One of Meier’s most well-drawn situations was also one with the most missed potential: the handyman boyfriend is in the clutches of his overbearing, controlling mother, despite that he is 35 years old.  The handyman character and the mother are both well-drawn, and Meier achieves an all-too-real scenario of a family member manipulating another through feelings of loyalty and guilt.  But where I was ready to see this conflict go down, especially since its outcome would directly affect the narrator, Meier brings us to the edge but deftly leads us away again.  No explosion between mother and son; no attempt to deal with the fallout.

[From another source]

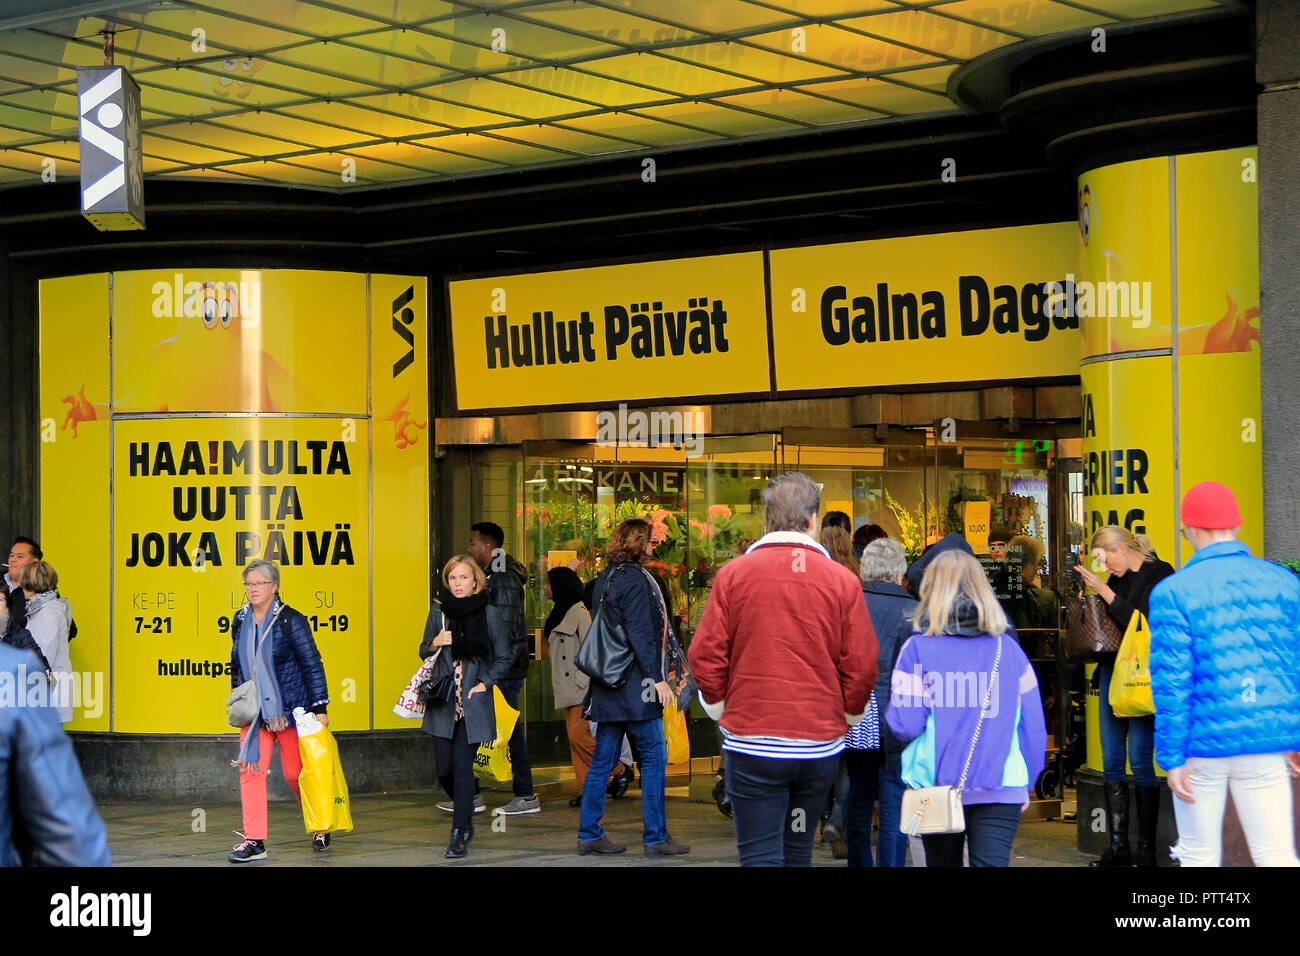 Helsinki, Finland - October 10, 2018: Crazy Days, the biannual, massive and popular 5-day sale event at Stockmann begins. In photo, the yellow entrance of the Helsinki flagship store. Credit: Taina Sohlman/Alamy Live News Stock Photo

But, in my reading, these places of missed potential were small points in the larger question of whether Meier is rightfully indignant about applying the Chick Lit label.  Although it may not be the next immortal literary classic, the book certainly does not deserve to be called Chick Lit, and Meier’s frustrations in her article prove valid.  After all, even if she ultimately moves away from the mother/son conflict, she is dealing with a time-honored theme in the vein of D.H. Lawrence’s Sons and Lovers, or even farther back, Oedipus.  Also, those nuggets of interesting thought make it clear that there is intelligence behind the book and that reading it with an open and alert mind will make the reader expand his—yes, let’s go with ‘his’—thinking about how to balance career and life, community and individualism, the intellect and the body.